Yes, I know that incident isn’t an isolated one. I’m thinking right now of Joyce Echaquan, who died in hospital but left a recording of caregivers making fun of and insulting her. A true hero, who brought into the light truly reprehensible behaviour. Will it lead to the required changes? I don’t know.

But that being said, vaccines are obviously being given out to all; Black or Indigenous (or whatever) populations are not being singled out to take the vaccines first so we can see what happens, and then make corrections before giving them to the privileged white population. At this point, with many millions of doses having been administered and an insignificant number of adverse reactions, continued belief that the vaccines are some sort of plot is absurd, no matter one’s cultural background. And I believe that people of all cultures are capable of recognizing this.

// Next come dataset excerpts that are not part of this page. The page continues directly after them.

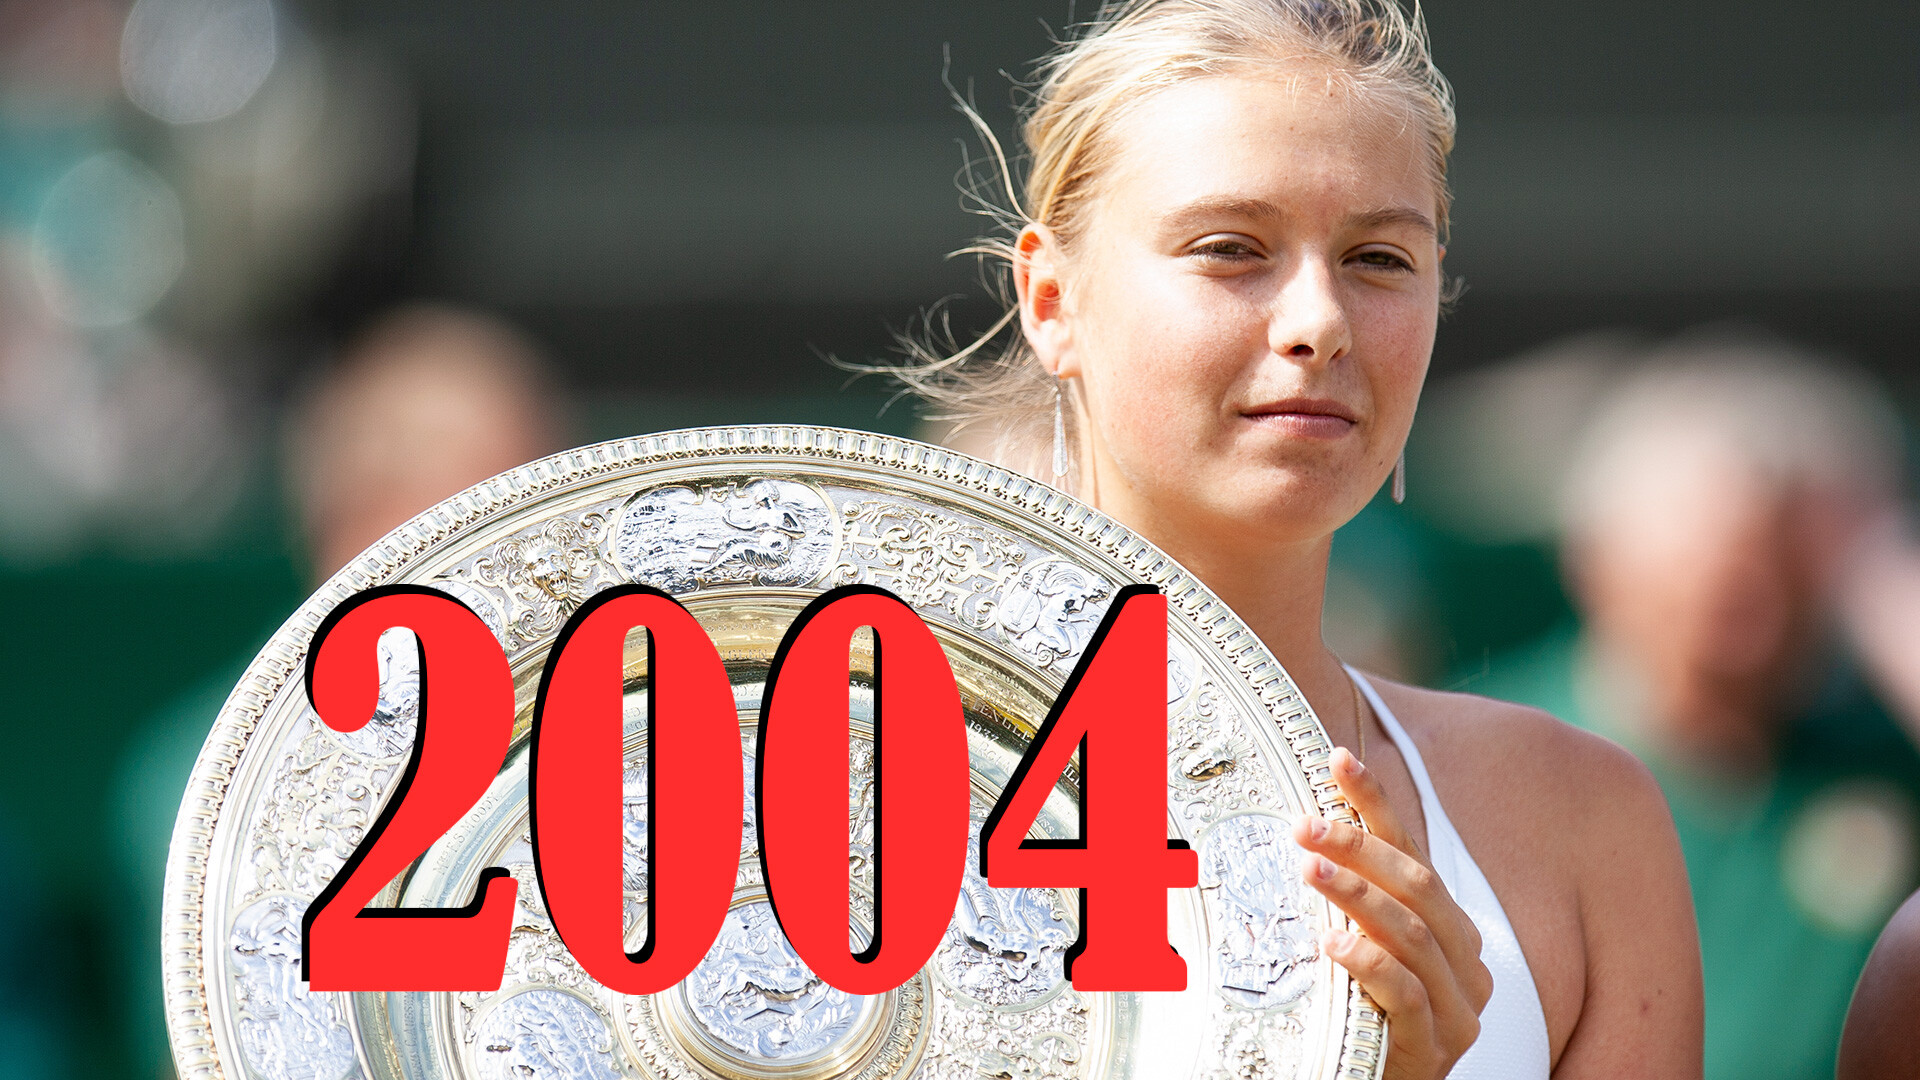 La tenista María Sharápova se convirtió en la primera mujer rusa que ganó Wimbledon.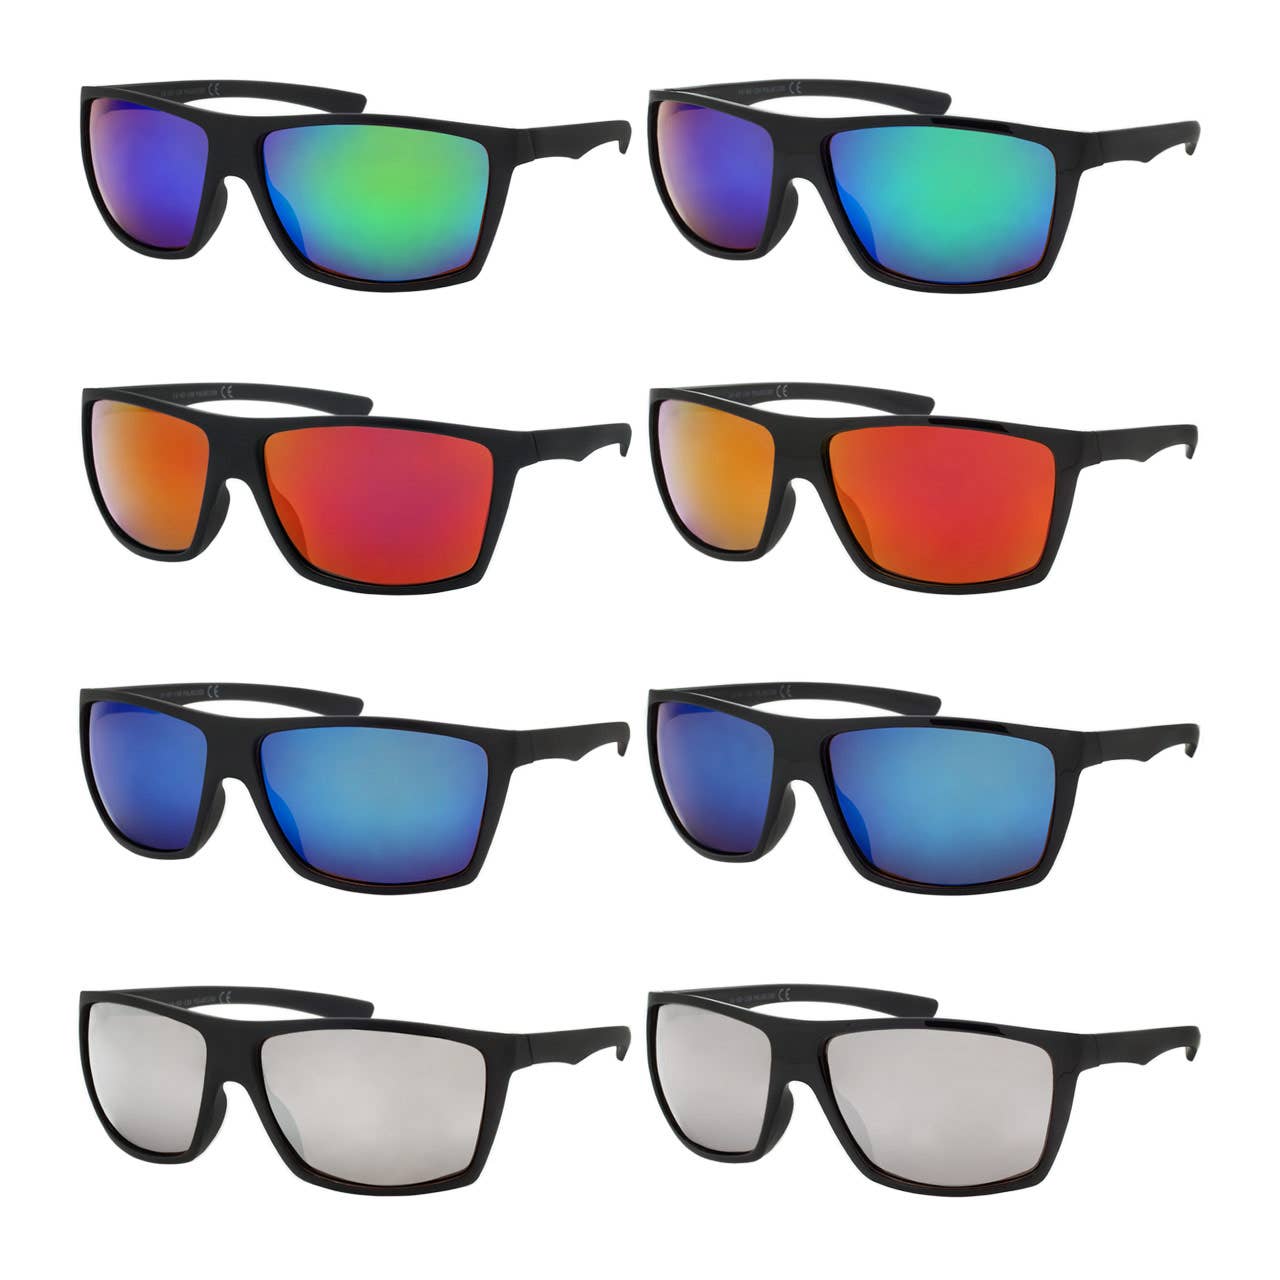 Shark Eyes, Inc - Gafas de sol polarizadas con espejo de color para hombre estilo envolvente Fish Activ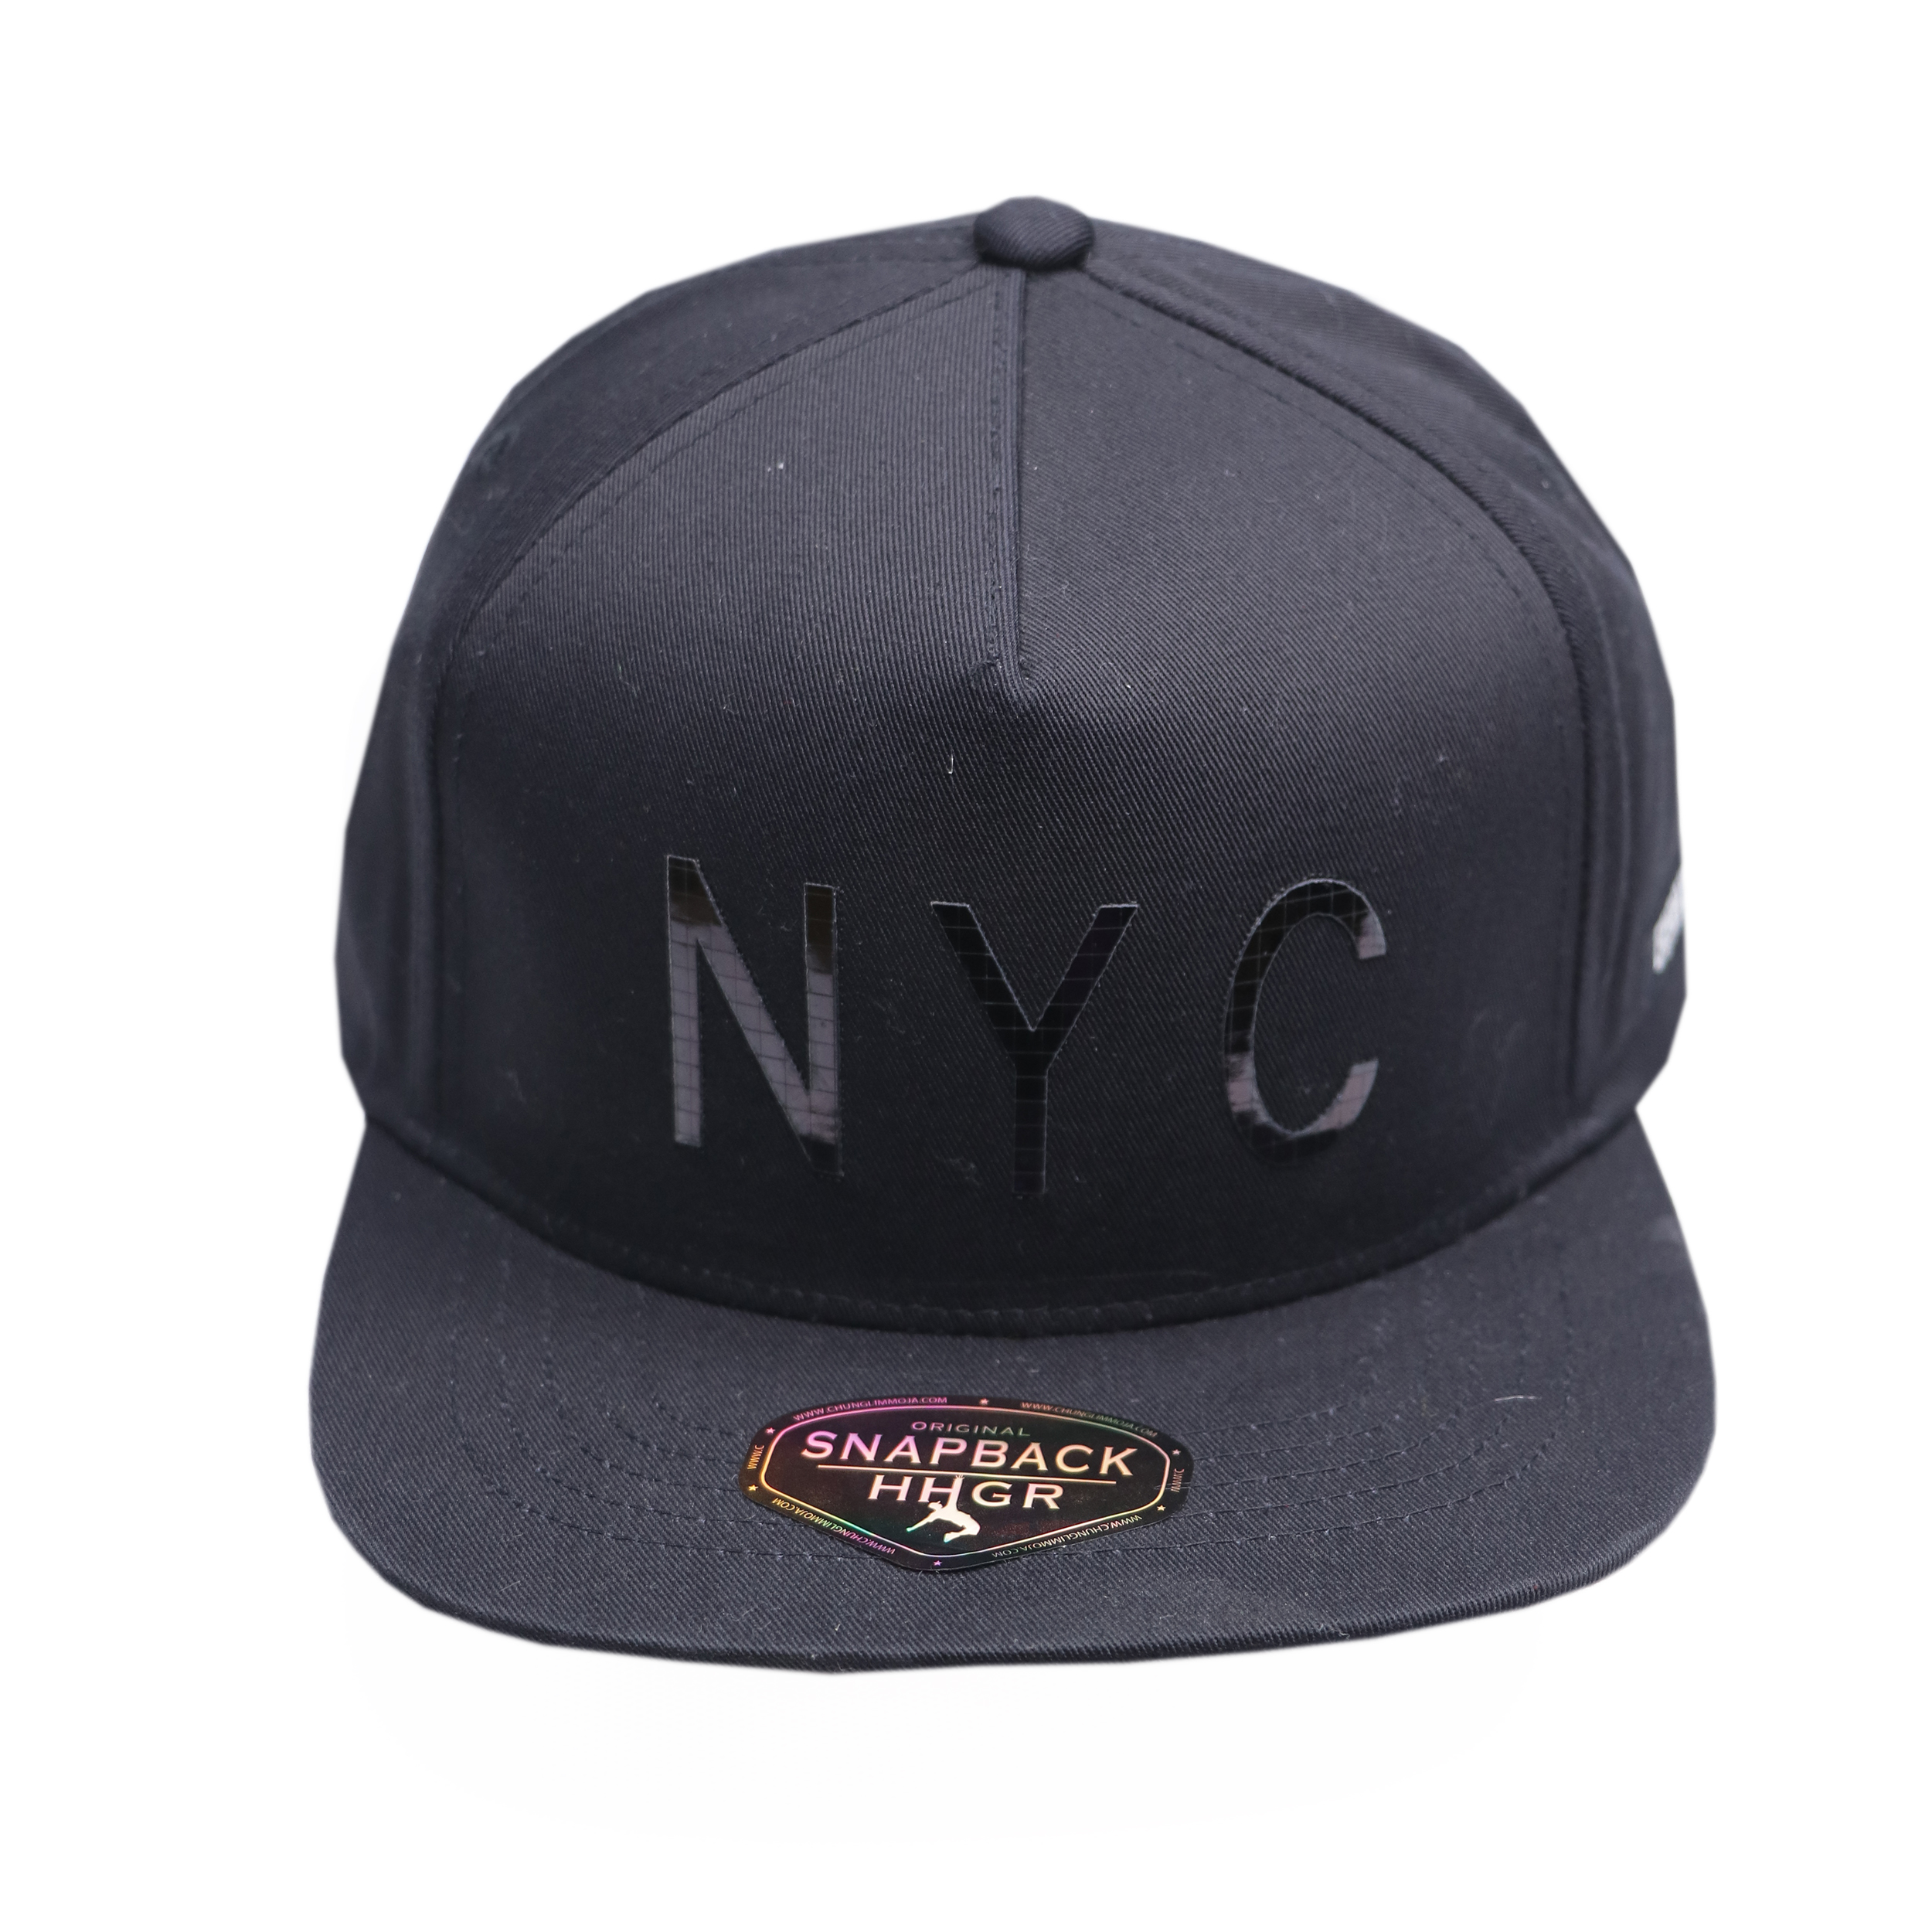 نکته خرید - قیمت روز کلاه کپ مدل nyc کد 001 خرید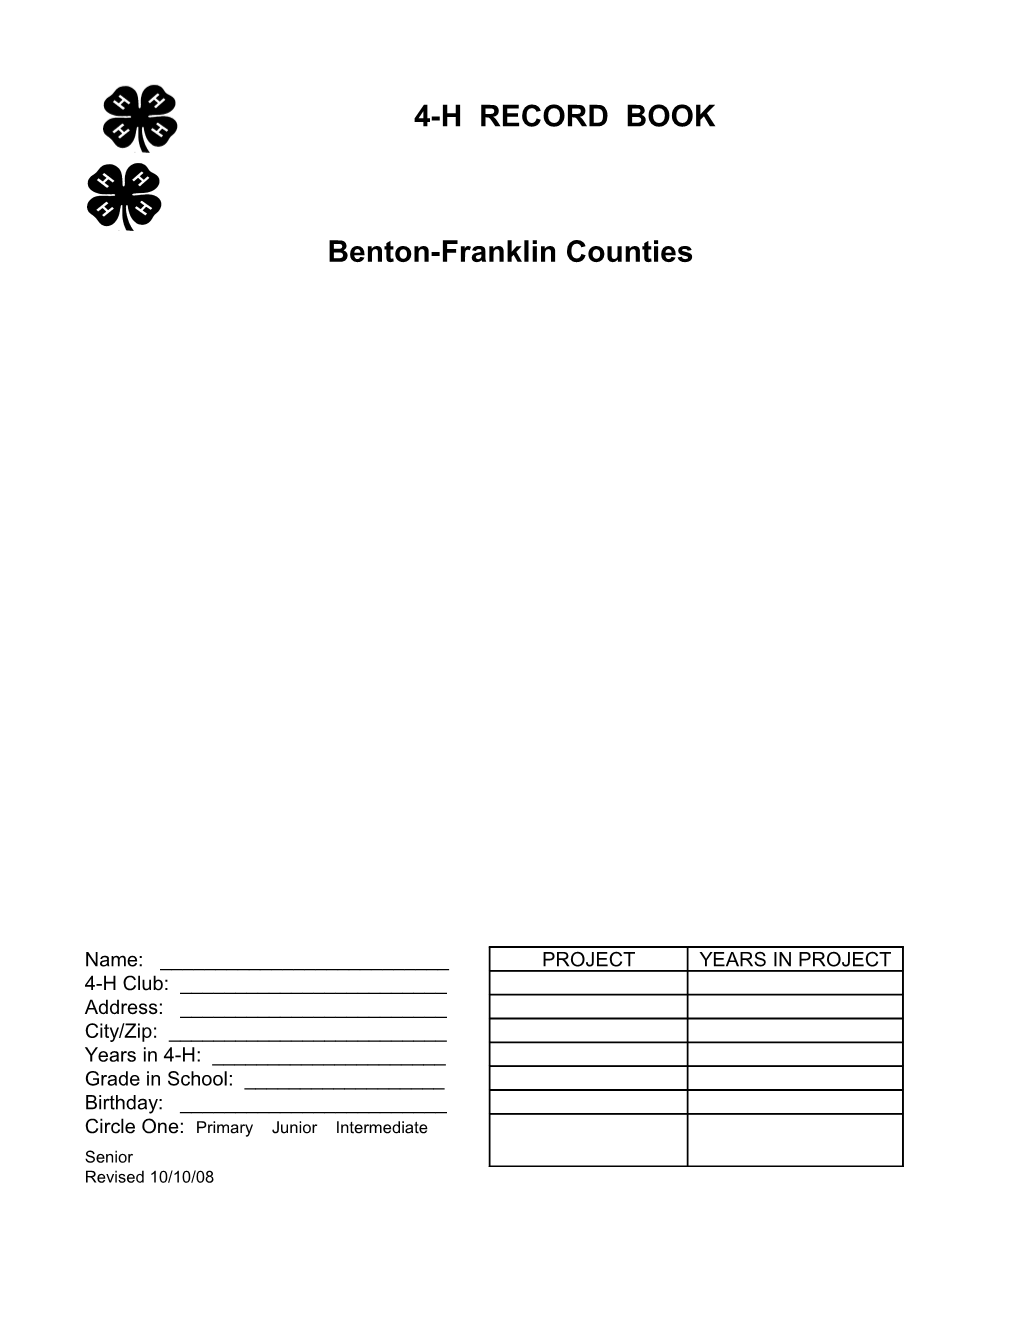 Benton-Franklin Counties

In an employment situation, where I’m suggesting many employees should be required to be vaccinated, this would be all employees: so if one person is somewhat hesitant, they might see their colleague from a different ancestry having their shot too, which should help them to realize that it is not a racist plot.

I'm definitely not arguing against employment requirements. Ironically, the vaccine deployment has been rather biased. Although I'll give some credit there have been attempts to overcome that bias, the best example is the targeted vaccination of northern communities. Some projects that have helped reduce bias have simply been targeted at hotspots, which shows how the disease is also affecting people inequally. But the fact that I was able to get the vaccine at a conveniently located clinic but many hot spot locations had no pharmacies or clinics offering the vaccine at the time, and instead people in those communities had to line up and wait hours for a chance at a vaccine at a popup clinic is really unacceptable to my mind.

It's unclear to me how much this has affected vaccine update...I think the efforts to promote it in these areas has more than overcome the limitations, but it highlights a third way in which certain groups may be less likely to get vaccinated, and that is access--people who lack the flexible working hours that I have may not be able to spend the time to wait in line at a popup clinic--and I didn't even have to do so, how unfair is that.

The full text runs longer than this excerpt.